The sentencing judge, recommended the NSW government pursue reparation of the stolen millions from the former union “boss”.
With almost half of his four-year sentence having been served, it would seem that not one cent of those stolen millions has been repaid.
Why is this so?
Well having made representations to both my local NSW Labor local member and to the Liberal member for Kiama asking that very question it remains unexplained.
Steal a $4.25 packet of M&Ms and you could be up for seven months in the pokey.
Steal millions from the people of NSW and apparently, you get to keep it as a condition of doing four years of easy time.
Barry Swan, Balgownie
A PERFECT EXAMPLE
New Zealand prime minister Jacinda Arden is achieving good things for her country.

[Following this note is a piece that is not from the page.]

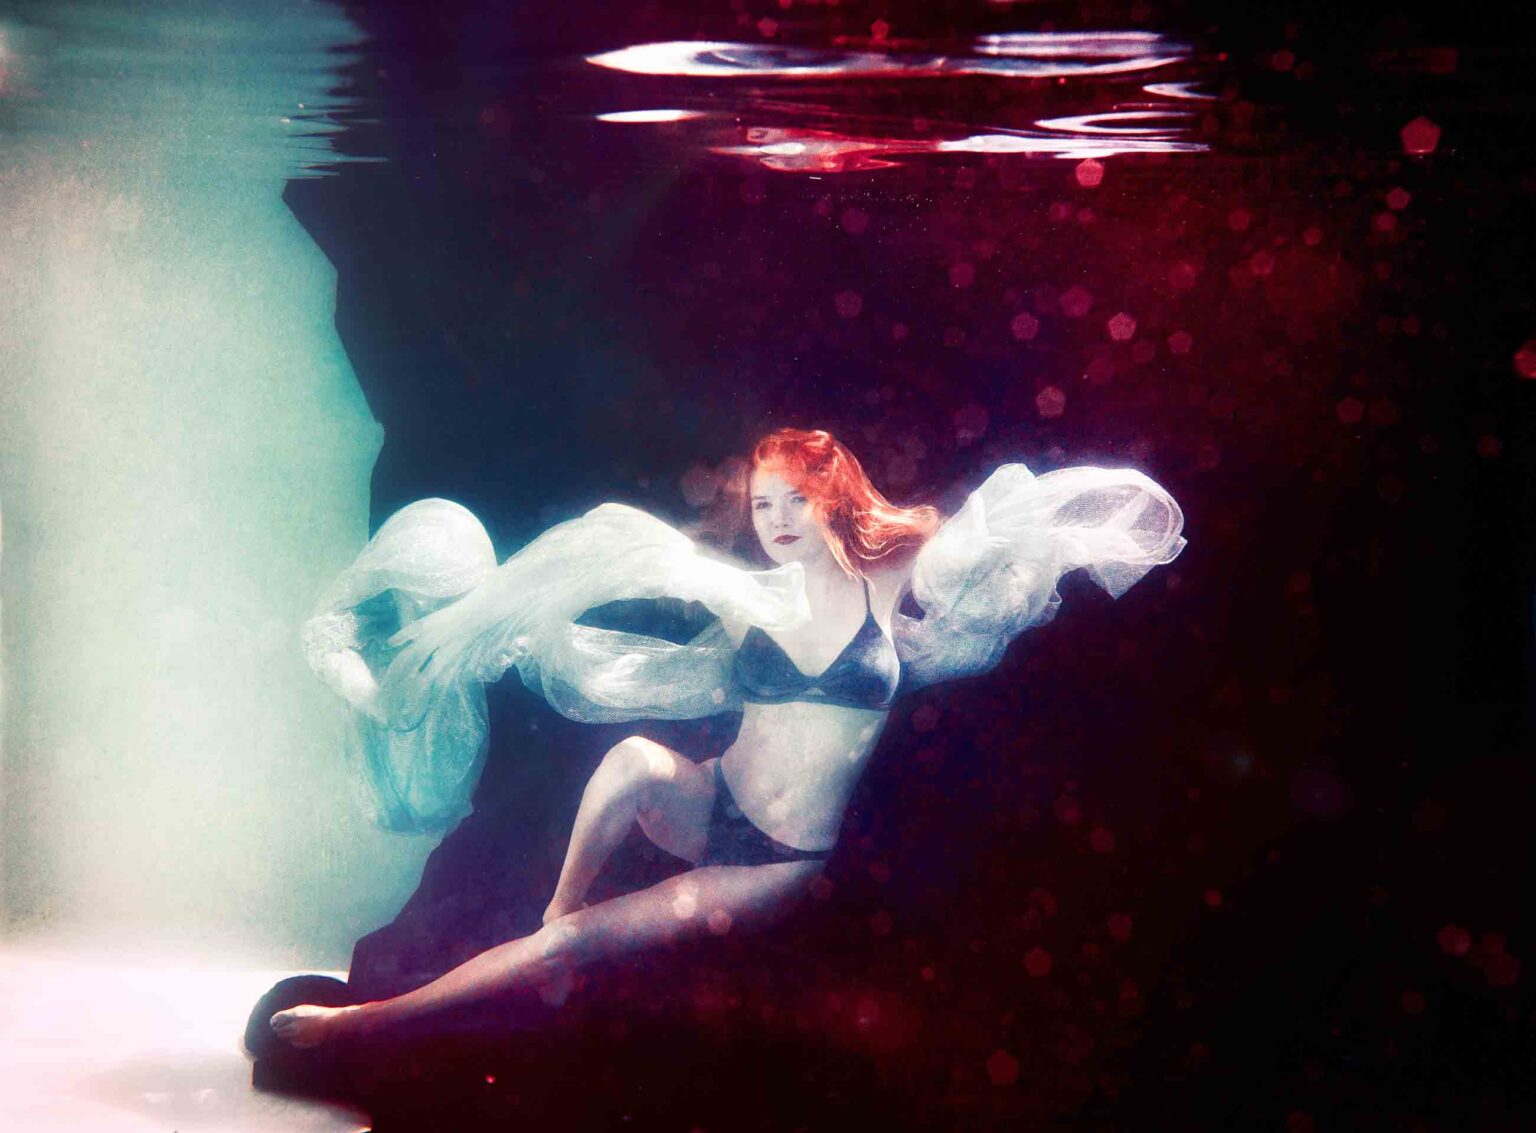 unterwasser shooting aussergewöhnlich fotografie Glamour Magic Portrait fineart Berlin underwater

She has recently announced a 12-month pay freeze on her country’s politicians saying they are already paid well enough.
What a remarkable lady.
That would never happen here in this country with our politicians ever.
Both sides of parliament should take note of this and watch, learn and listen.
Matty Ryan, Fairy Meadow
WHO IS THE KILLER?
We were all horrified to see two people being rushed to hospital after shark attacks in the Whitsundays last week, in an area that has been free of such incidents for a long time.
But the response of the government has been a panicked, knee-jerk reaction – five sharks have been killed in the space of a week, with no evidence that any human has been made safer.
Sharks have inhabited the oceans for 34 million years, and have earned their right to live in their natural habitat without being hunted and killed.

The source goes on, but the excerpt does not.